>>>
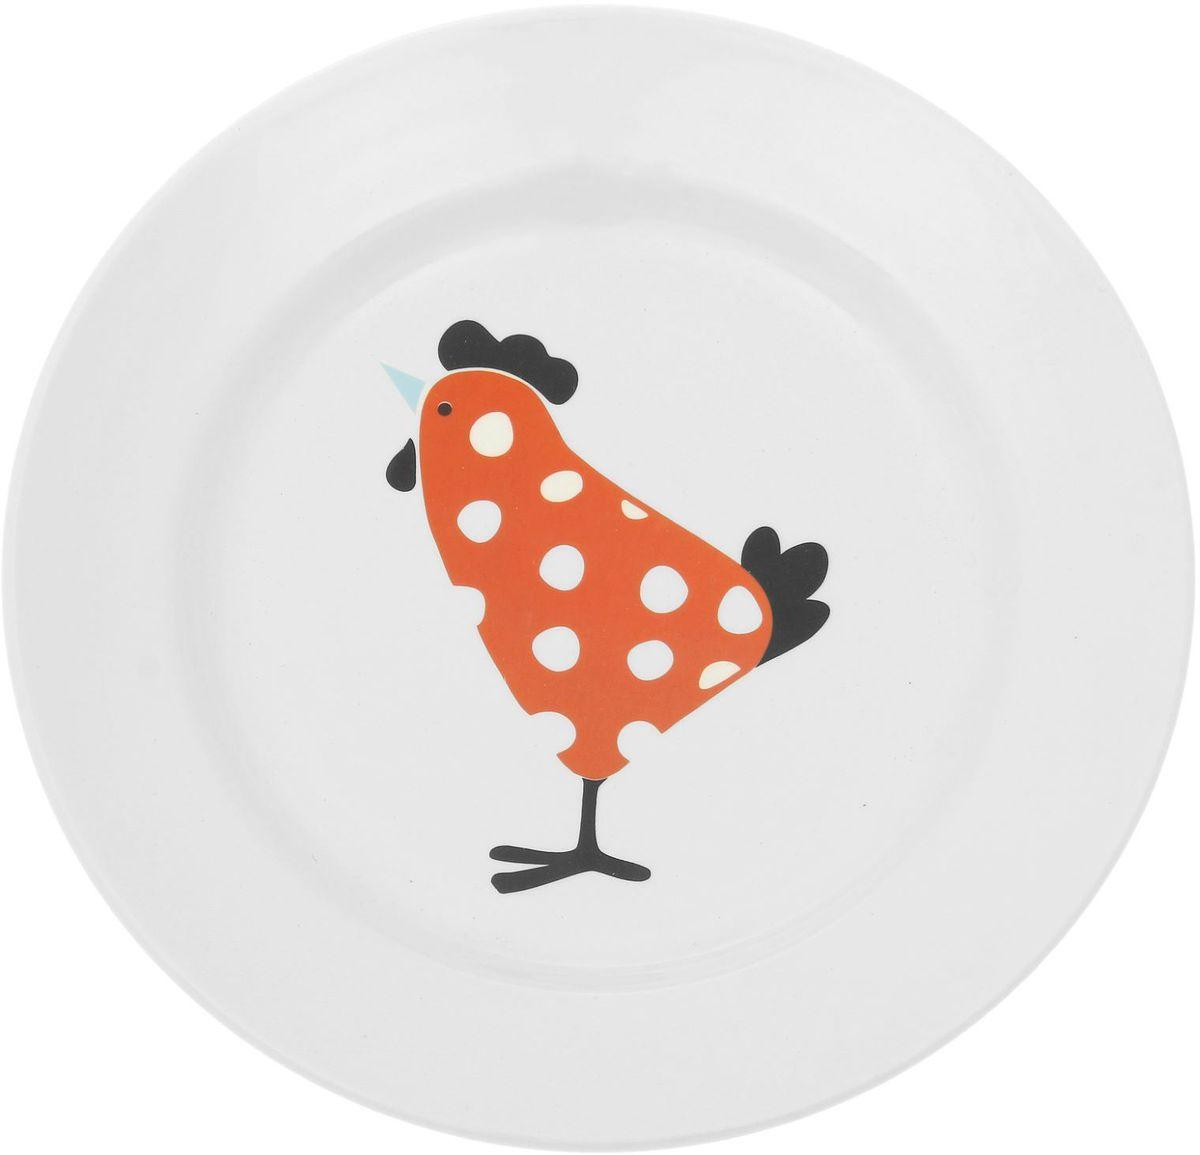 Тарелка мелкая Сотвори чудо My Chicken, диаметр 20 см1828180Хотите обновить интерьер кухни или гостиной? Устраиваете необычную фотосессию или тематический праздник? А может, просто ищете подарок для близкого человека? Посуда Сотвори Чудо — правильный выбор в любой ситуации. Тарелка Сотвори Чудо, изготовленная из изящного фаянса нежного сливочного цвета, оформлена оригинальным рисунком со стойкой краской. Пригодна для посудомоечной машины.
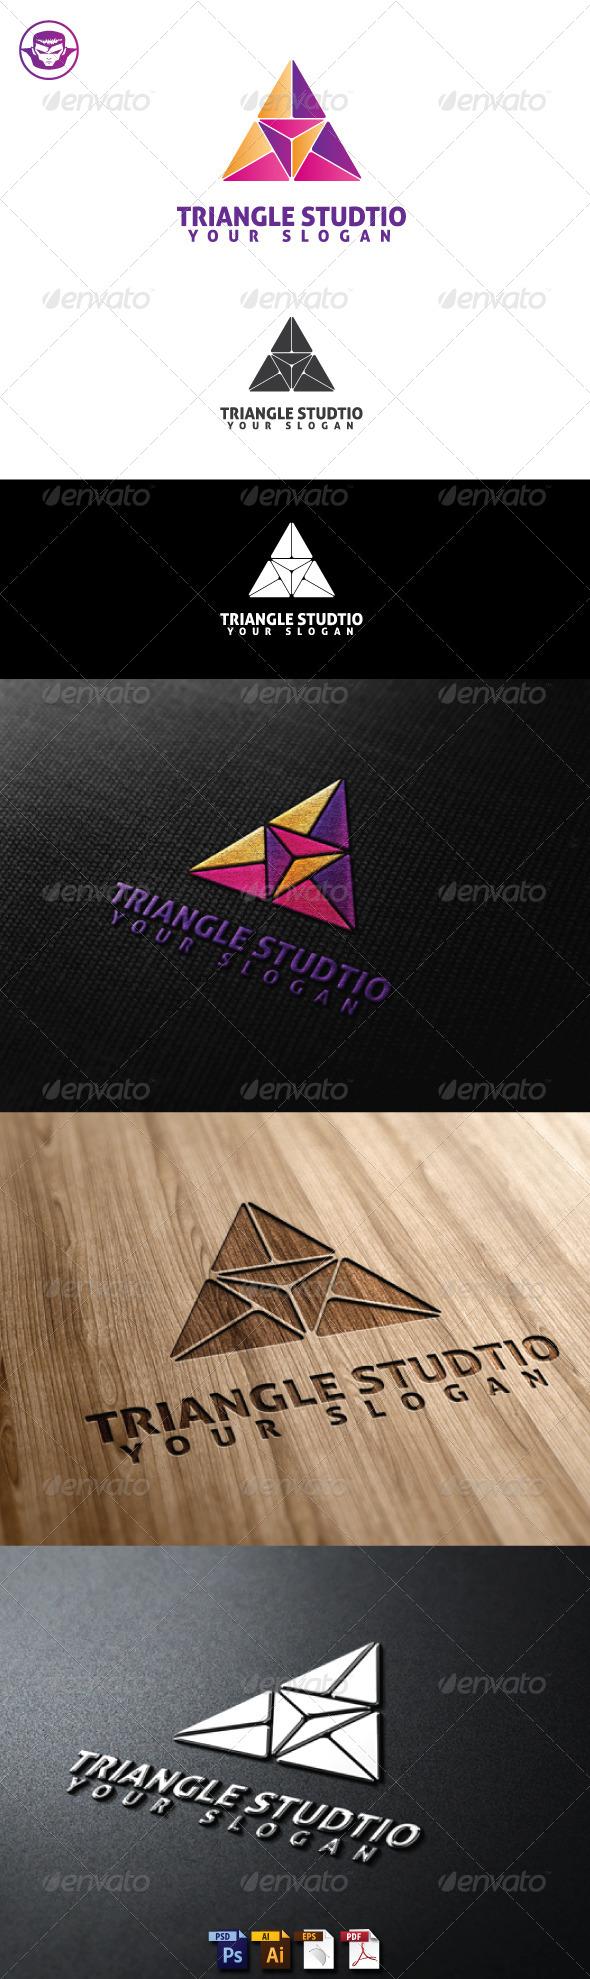 GraphicRiver Triangle Studio Logo Template 5164205
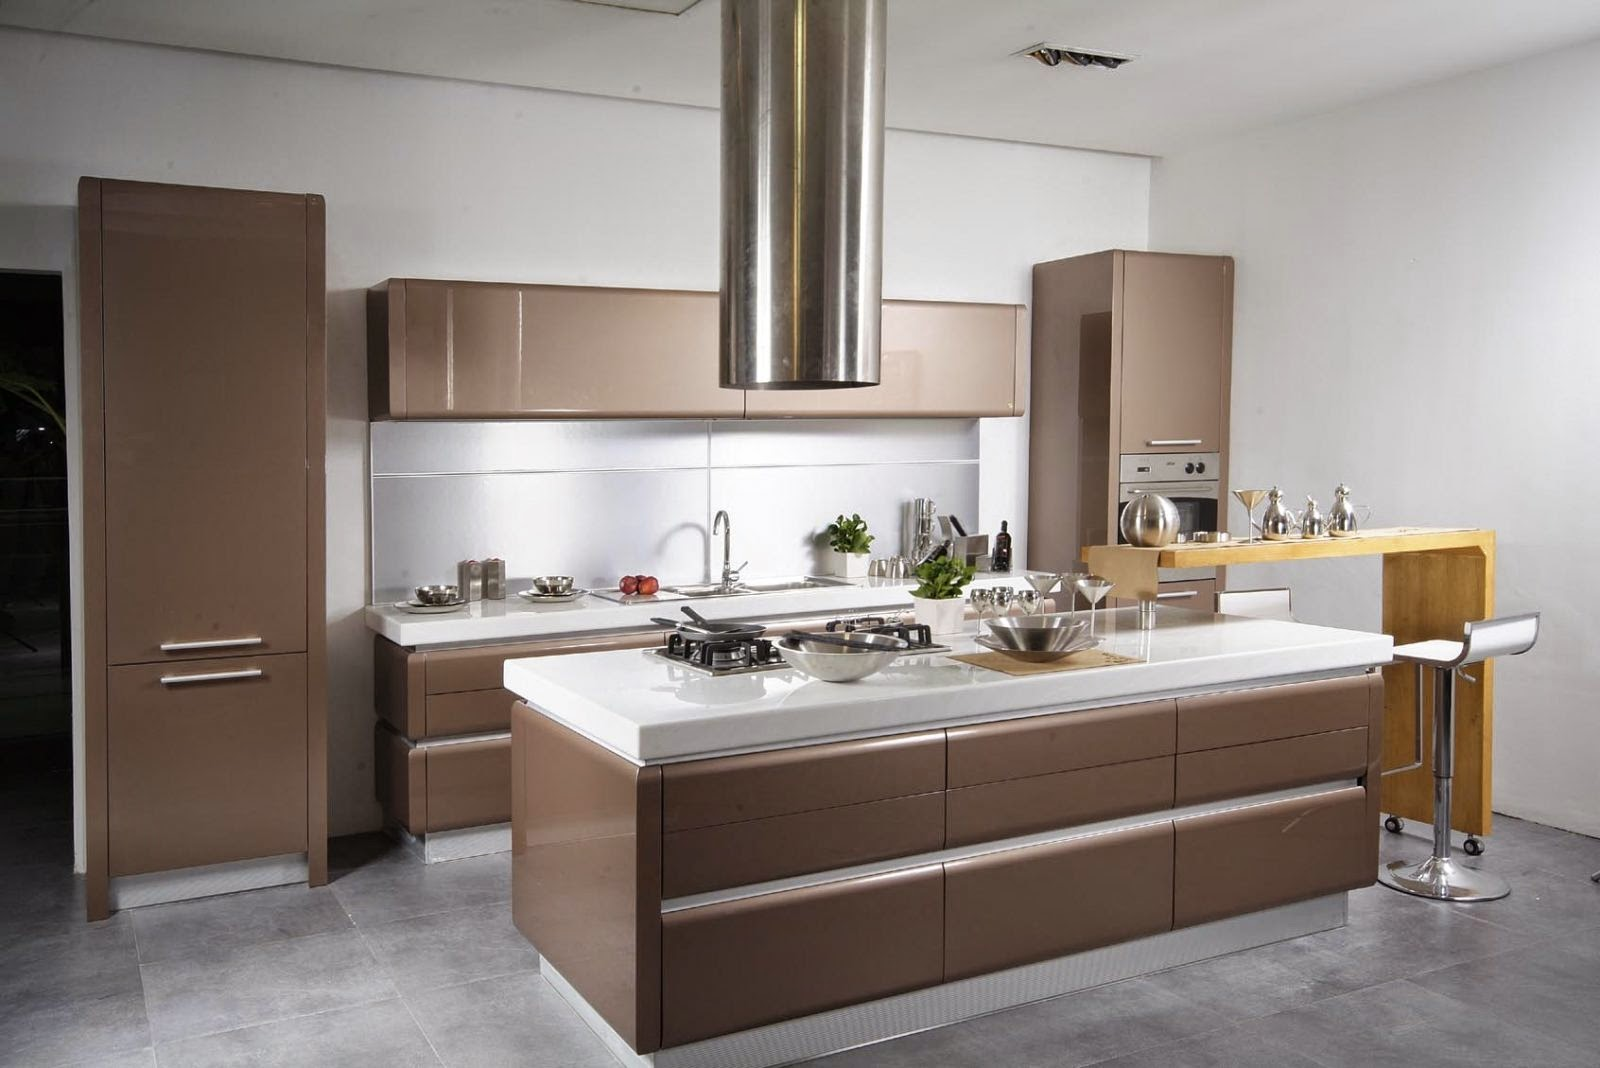 Gallart grupo el blog suelos y puertas de madera en asturias junio 2014 - Muebles de cocina asturias ...
<<<
- [Work order]:
Pictures are not part of the answer, which must be the exact lines from the one holding "GraphicRiver Triangle Studio" through the end of the material, both ends included.

- [Solved exercise]:
 GraphicRiver Triangle Studio Logo Template 5164205
 Gallart grupo el blog suelos y puertas de madera en asturias junio 2014 - Muebles de cocina asturias ...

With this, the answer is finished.